Тогда Иисус сказал такие слова: "Славлю Тебя, Отче, Господи неба и земли, что Ты утаил сие от мудрых и разумных и открыл то младенцам".
Однажды, выполняя обязанности, связанные с обучением, необходимым мне в невидимом мире для моего личностного развития, мне потребовалось посетить Землю, где я всегда наблюдал столько слёз, иссушающих сердца ближних. Я медленно спустился, без определённой цели… и парил, привлечённый, несомненно, особым сродством, над бедным районом Пьемонта, на заснеженных склонах Апеннин.
Это была деревня бедных крестьян, которые добывали из недр земли пропитание для своих ближних, больше для других, чем для себя, ибо эти мои братья, героические души, рождённые, как и я, из того же Света, были смиренны в своей бедности и довольствовались минимумом необходимого.
Горький привкус печали омрачил удовлетворение, которым в последнее время возвышалась моя душа, при виде той деревни, где проблемы множились без утешительных решений. Я вспомнил меланхоличные дни своего земного существования, когда, ступая по льдам моей родной земли, я странствовал здесь и там в поисках чужих страданий, чтобы Бог, смягчая их через меня, позволил также смягчить и мои собственные страдания, которых было немало.

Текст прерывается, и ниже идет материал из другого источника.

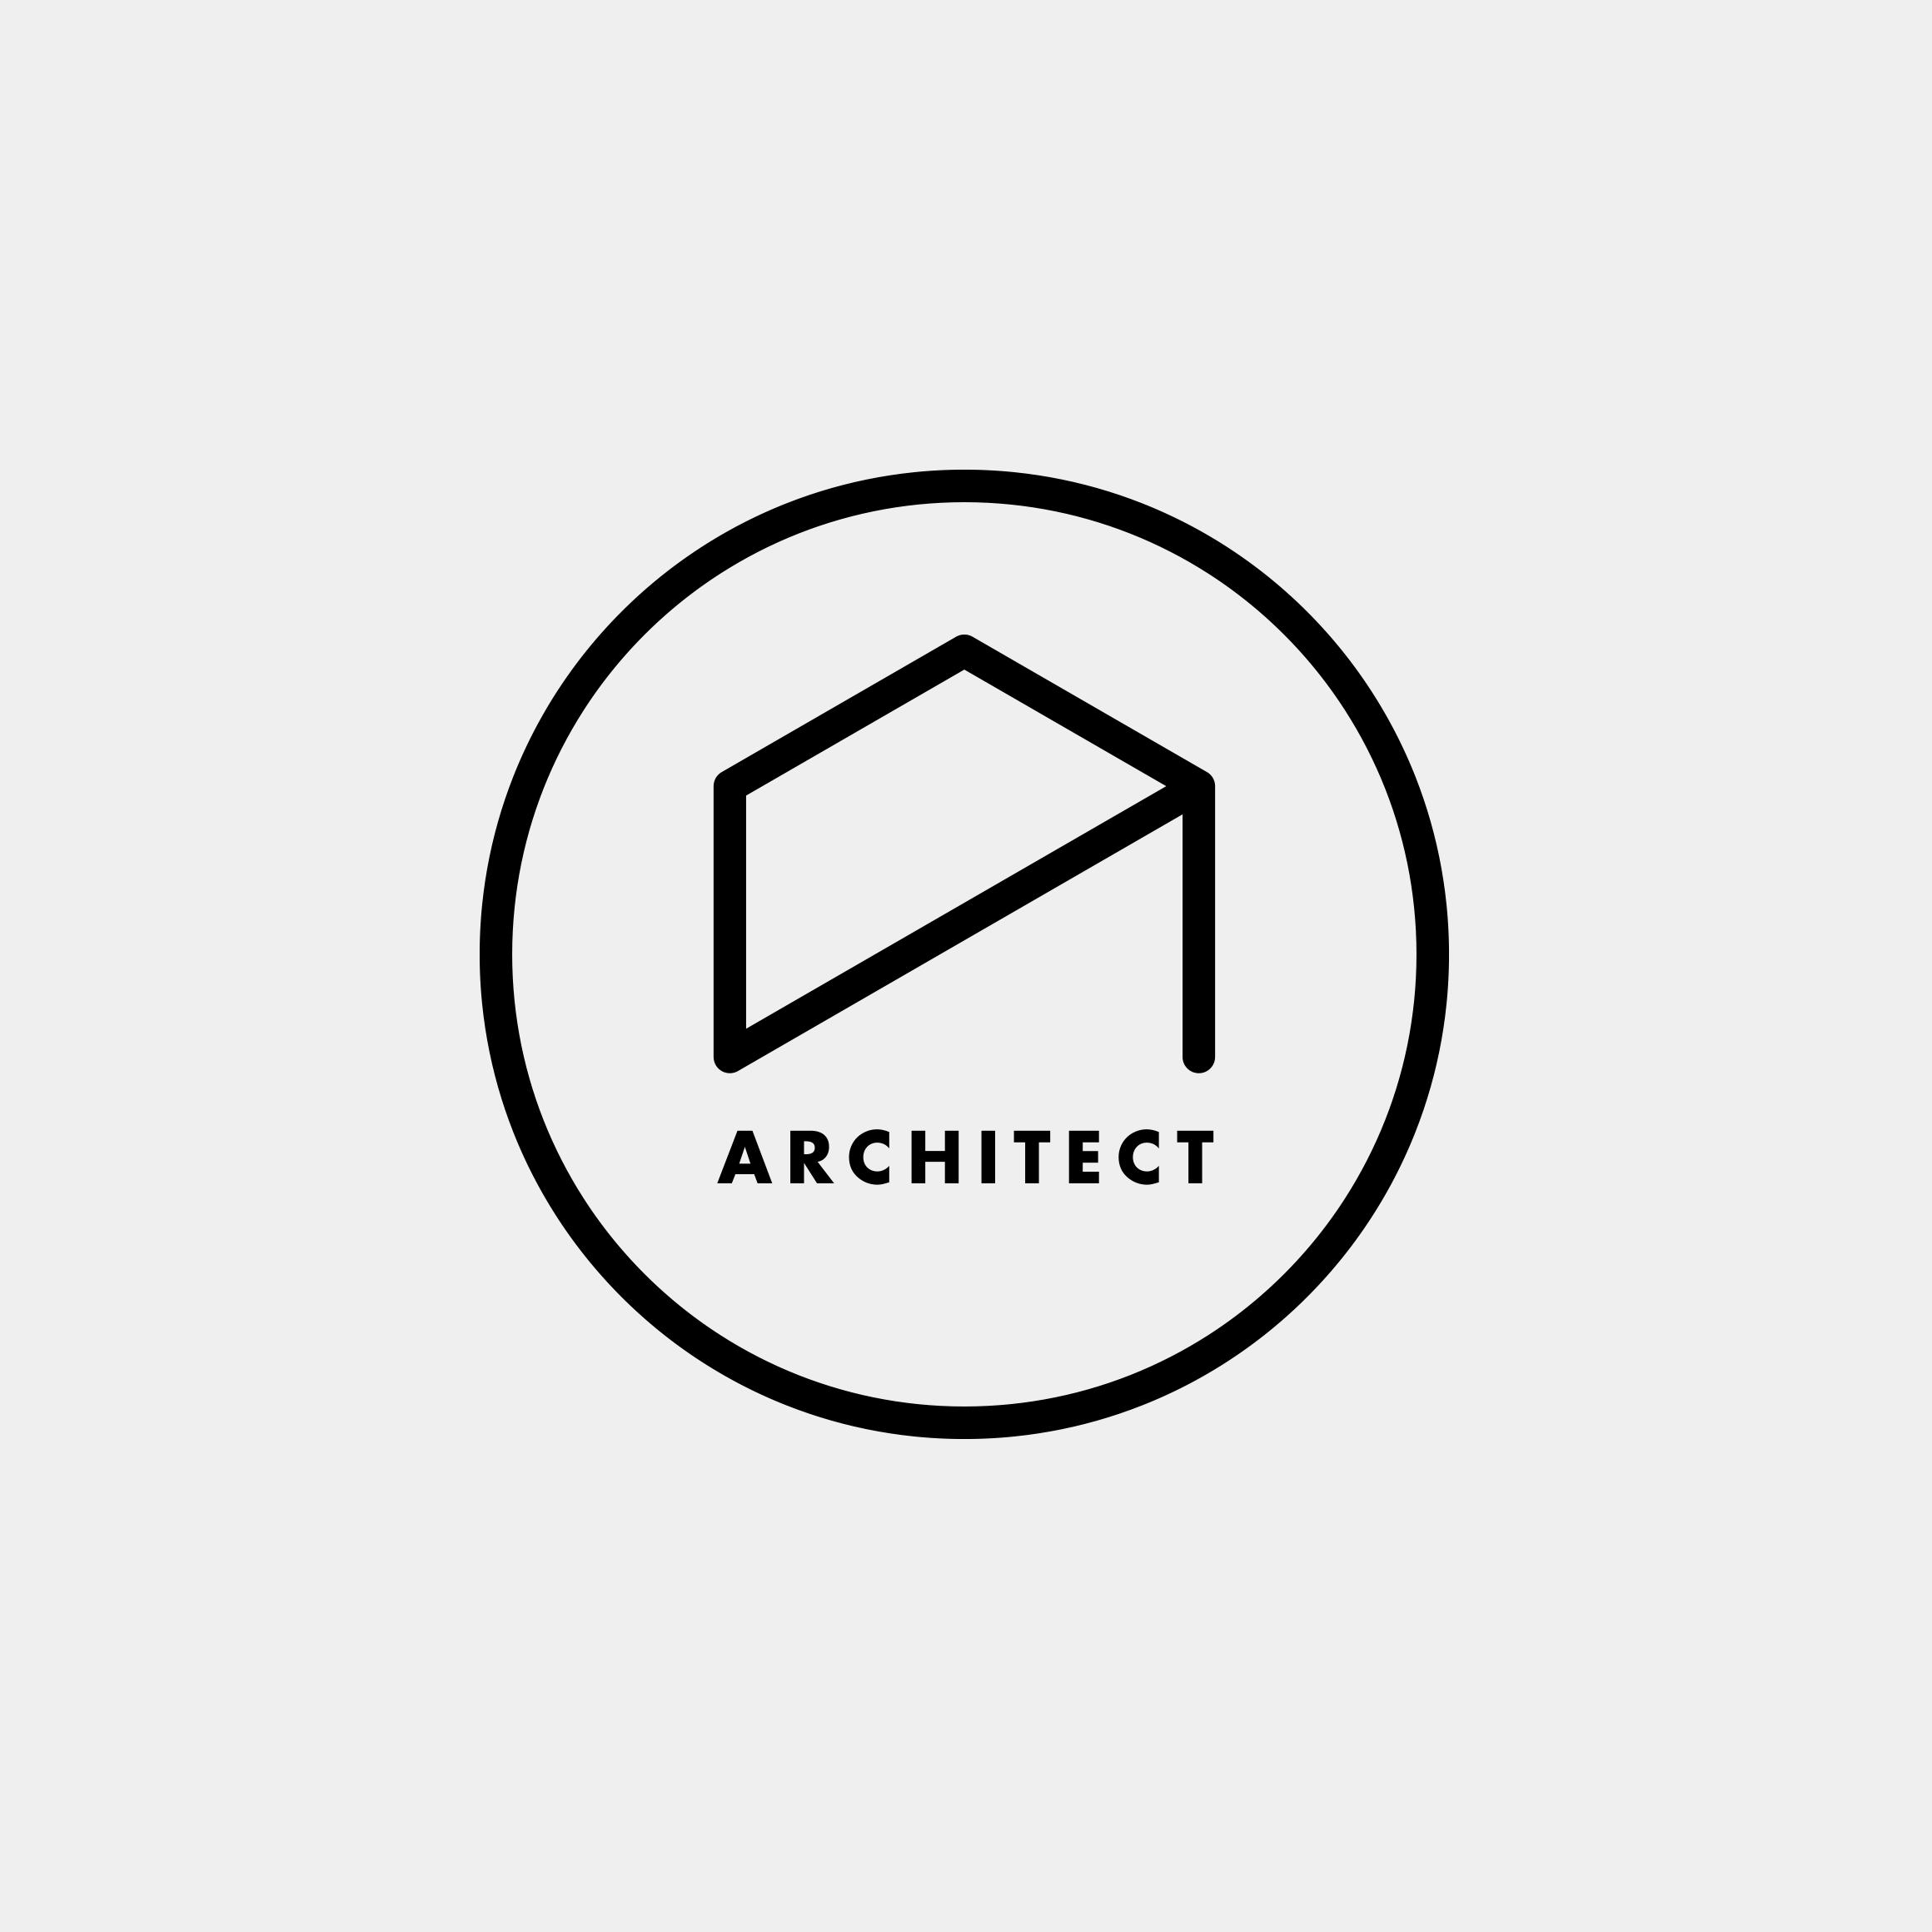 Michael lassiter product ux ui design for Architecture logo

Теперь я входил из хижины в хижину, навещал крестьян, рабочих, каменотёсов, рыбаков. И опустошение росло в моей душе, потому что я обнаружил, что человек, как и в мои старые времена, прежде всего оставался страдающим, и оставался таковым из-за незнания своего бессмертного предназначения.
Но… дальше, у края хижины с видом на горную цепь, группа женщин дружески беседовала. Впереди тень сосны окрашивала полумраком грубое крыльцо входа, украшенное жасмином и вьющимися растениями, в то время как цветущие липы окаймляли мягкими оттенками возделанную землю, наряду с нежными виноградными лозами, пытающимися плодоносить.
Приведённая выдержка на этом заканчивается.